Prompt: None (testing how to write Jack Vessalius)

Rating: K+

Warnings: Nah

I was randomly stricken with the muse to write him? This was me trying to establish how he thinks of himself and others mostly.


It's alright if they hate him—that's what he says to himself. In fact, it's almost a funny notion, that he could be someone who could be hated, being that he is hardly someone in the sense that one is a collection of cohesive thoughts and feelings that entwine to create a personality and pattern of behaviors. There is only one thing cohesive about him, after all, and it is not him at all.

( it's her, it's always been her. )

There is irony in the fact that his soul is a broken thing, scattered across the fragments his own Chain tore it into (not quite, for the thing couldn't think then, but by her daughter's order and hand such was done), embedded in shards of memories that he shared with her flesh and blood. He is not sure that his soul was ever whole, not for more than a fraction of a second when she smiled or sang or breathed the same air as him. Those moments should have been the eternal ones, not this fractured stillness; his body is very much alive, but his mind is so literally broken that he thinks perhaps if he had just died he could have sunk deep into the Abyss and his fragments and hers could have at least been a part of the same air.

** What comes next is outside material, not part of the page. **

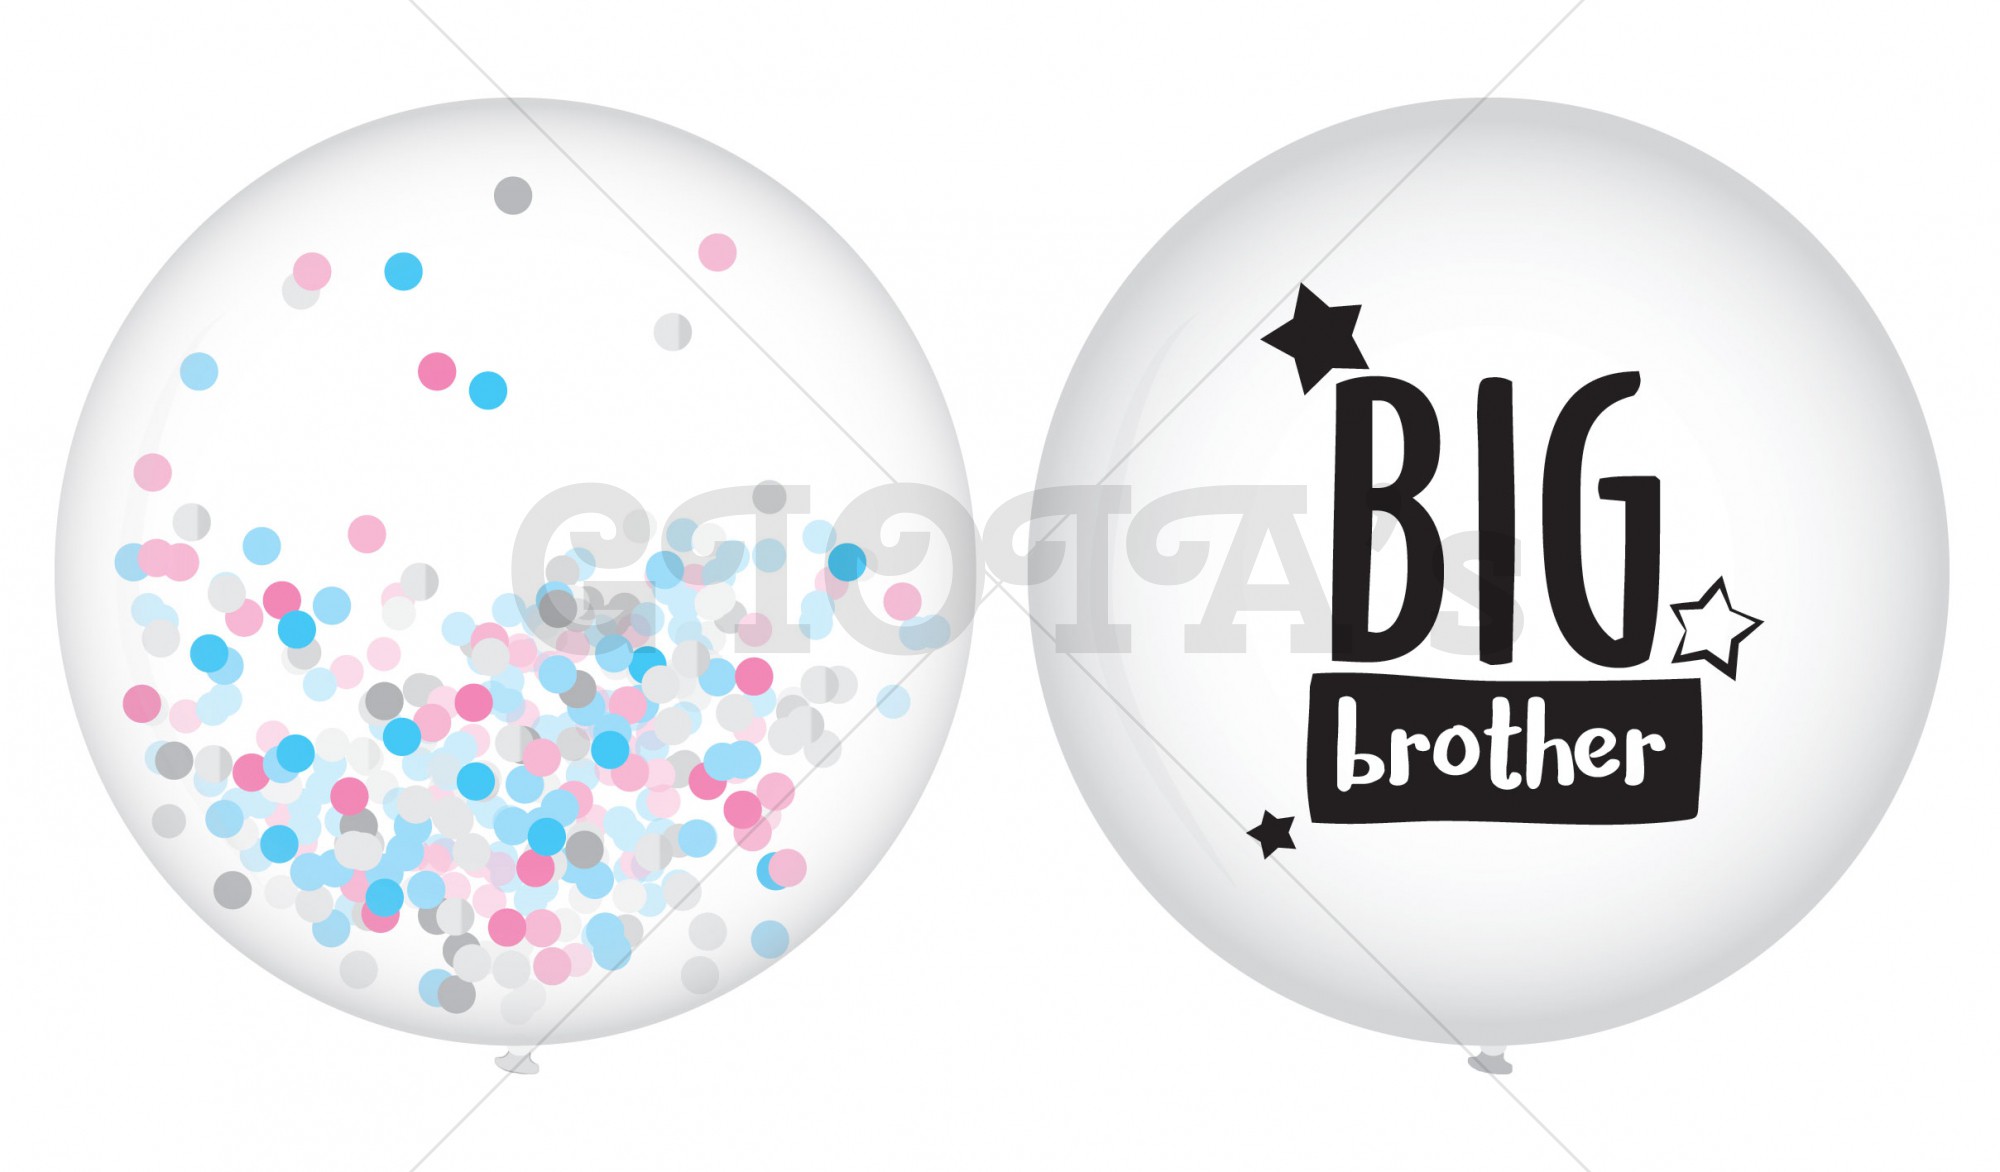 Gender reveal - Ballon BIG brother 2 stuks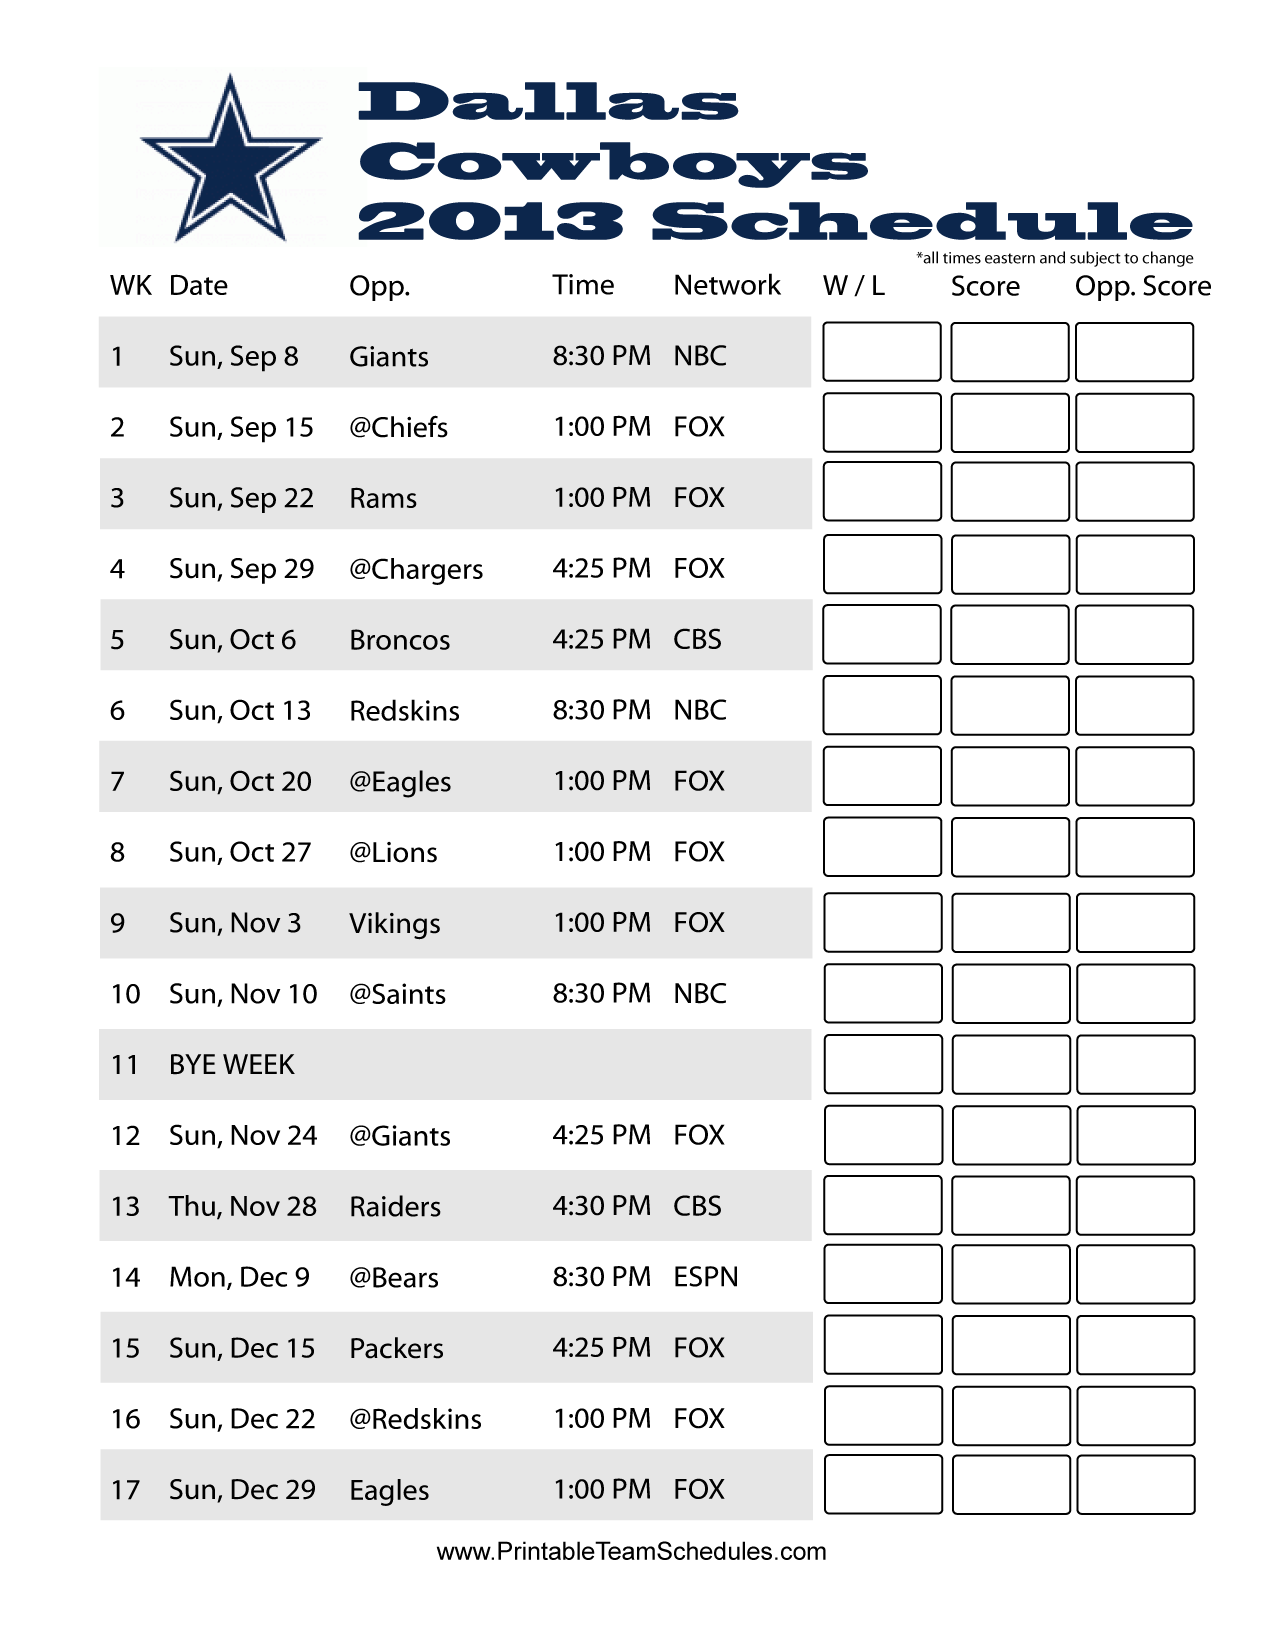 [49+] 2016 Dallas Cowboys Schedule Wallpaper - WallpaperSafari

But it will not let him die—he isn't sure what it is, here, whether it's her daughter (he probably deserves her ire) or some greater force of Fate (he probably deserves its disdain even more) or even her (he'd be overjoyed if she bothered to feel that toward him). He's a ghost in all but the truest sense, a spirit with a body animated by some sort of demon, a person who's always been completely empty.

Still, for as dead as he is, he decided to give that thing a chance at living as a human; maybe it would understand, then, how dreadful it is to be such a being, how weak and hopeless they are—would it understand him, then? He can't say he cares (but his words don't mean anything); he doesn't mind if it hates him for stealing back his body, either. His intentions are pure—warped, perhaps, but they are singular indeed, unlike his actions and words and thoughts and feelings and honestly, he has no way of knowing if the reasons they hate him are parts of him at all.

That's why it doesn't matter—whatever they think of him is alright. No matter what people think or feel or do, his singular consistency will not change: he will return to her, and bring this entire world with him as his welcoming gift.